Further testing of the app in terms of specific color detection shows that in well-controlled light conditions it does a good job of matching GW colours to colour palette suggestions that include said colour within them. Although the blue was a bit of a struggle. This generally good performance is as expected given that they likely have set the app up based on the spectral signatures of their paints in combination. The app also does a fair job of matching random colours to a close shade in the paint-range in the good lighting conditions. It is worth noting here that even with the paint-pot filling much of the image, more often than not the desk was the object colour analyzed.

  Paint-pot-colour-test. The frequency with which the desk colour was picked up surprised me, given how dominant the pot is in the picture. It might also be the case that they are taking some mean value across the image to determine what to match.

Paint-pot-colour-test. The frequency with which the desk colour was picked up surprised me, given how dominant the pot is in the picture. It might also be the case that they are taking some mean value across the image to determine what to match.

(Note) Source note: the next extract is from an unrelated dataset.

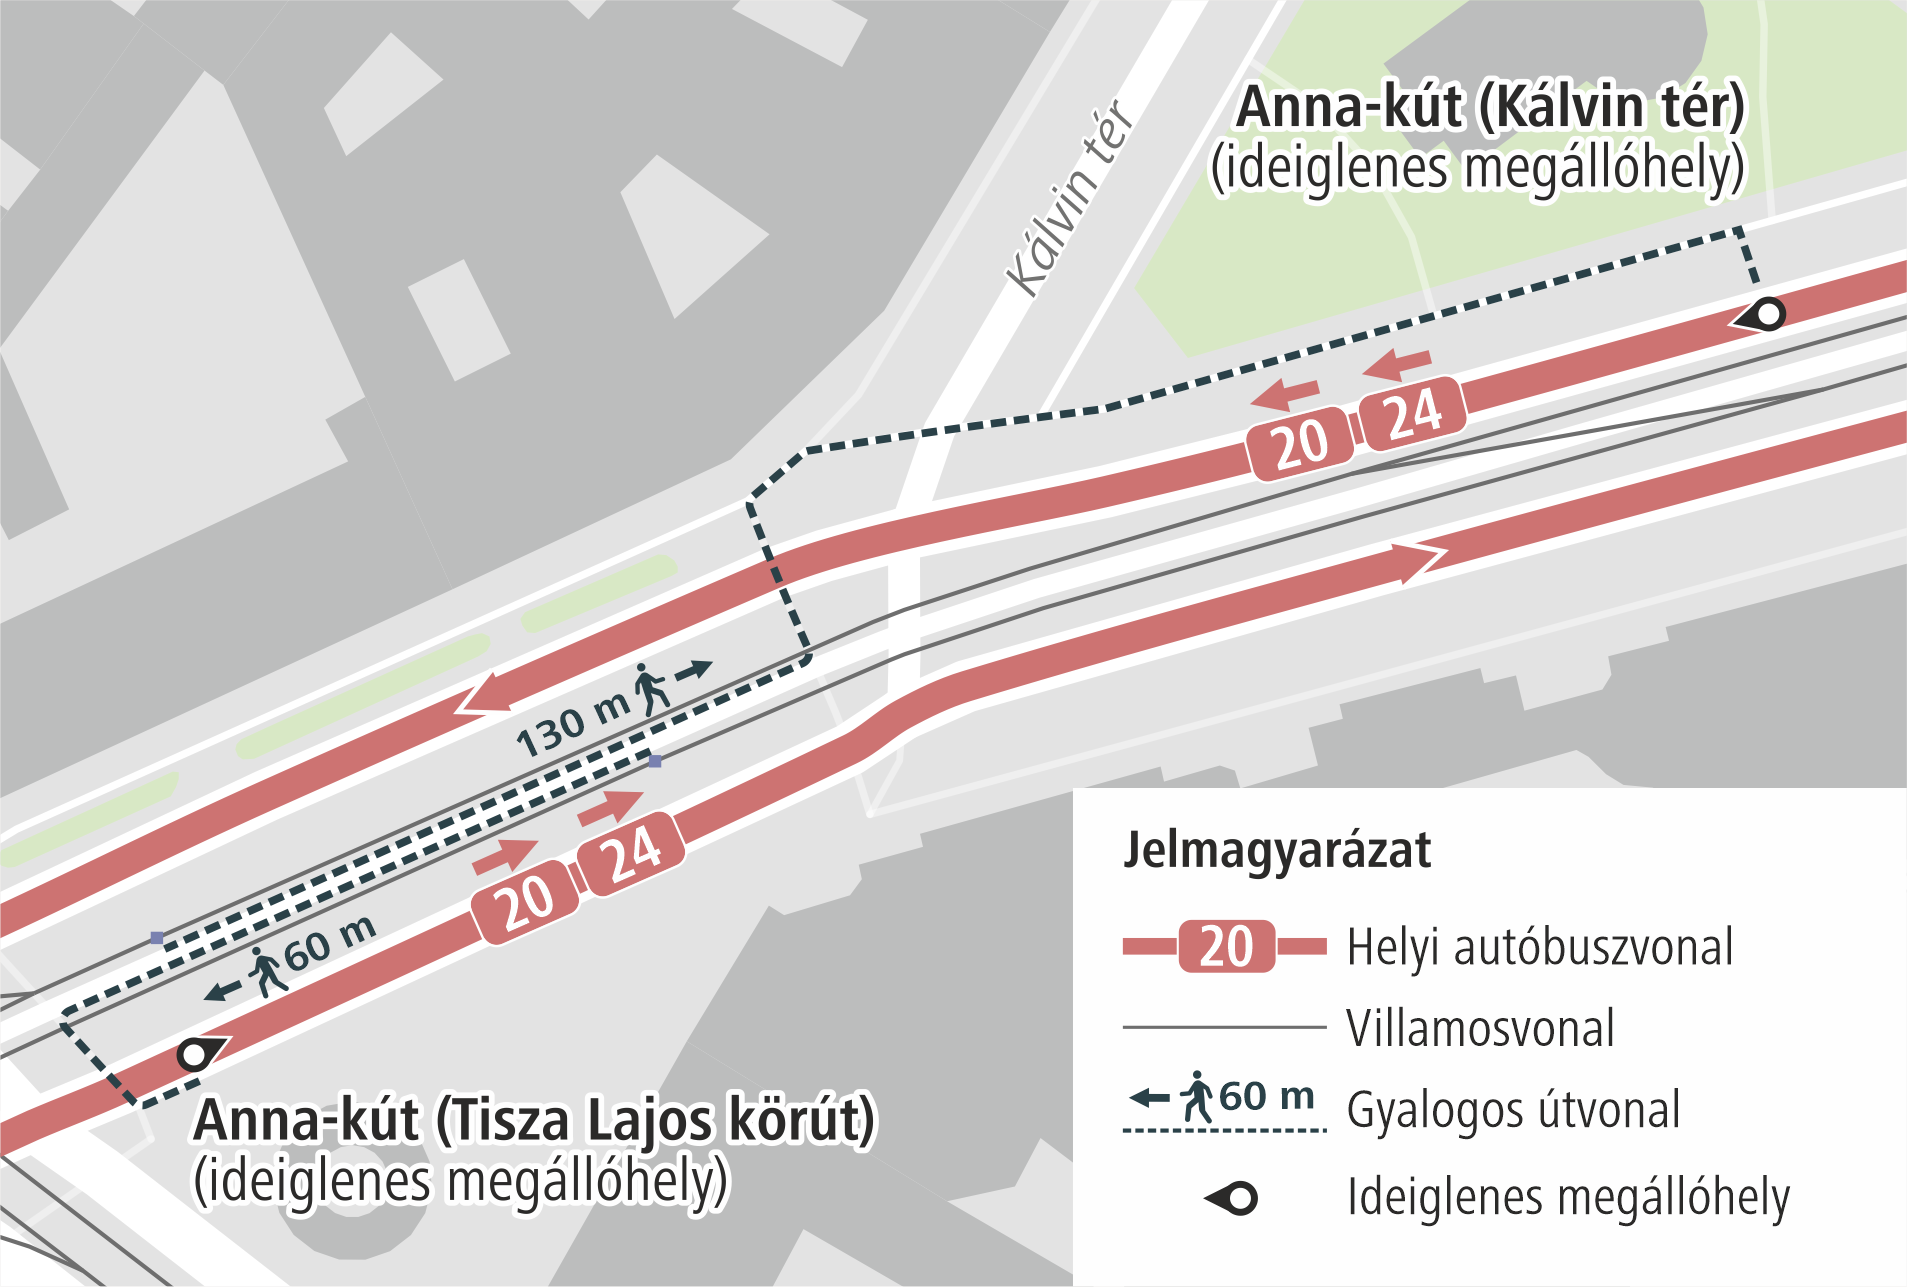 Szegeden munkálatok miatt áthelyezik az Anna-kút megállóhelyet, valamint lezárják a Dugonics tér (Dáni utca) megállót

However, in poorly controlled light conditions the performance of the colour matching degrades rapidly. The app struggles to cope with the two extremes of lighting, dull and bright. In dull light the returns are all of drab shades, even if the targeted colours are bright, whereas in bright conditions the returns are all of white or very bright highlight colours. This indicates that they have not controlled for the relative brightness/saturation of a picture and that the app is therefore only analyzing the raw image. A case of what you see is what you get!

Overall, given the likely development budget, the range of user’s phones and the general focus for the app; the colour matching function is good. It uses a simple principle in a fun new way that could be genuinely useful to some people. Forgotten what paints you used to paint that mini with- no longer a problem! However, with machine learning and pre-processing of the input raster, it could go from good to brilliant. Anyone fancy coding up a better solution?

Disclaimer: I have guessed a lot of what the app might be doing here, based on the physical principles I use in my field of science. I could of course be entirely wrong!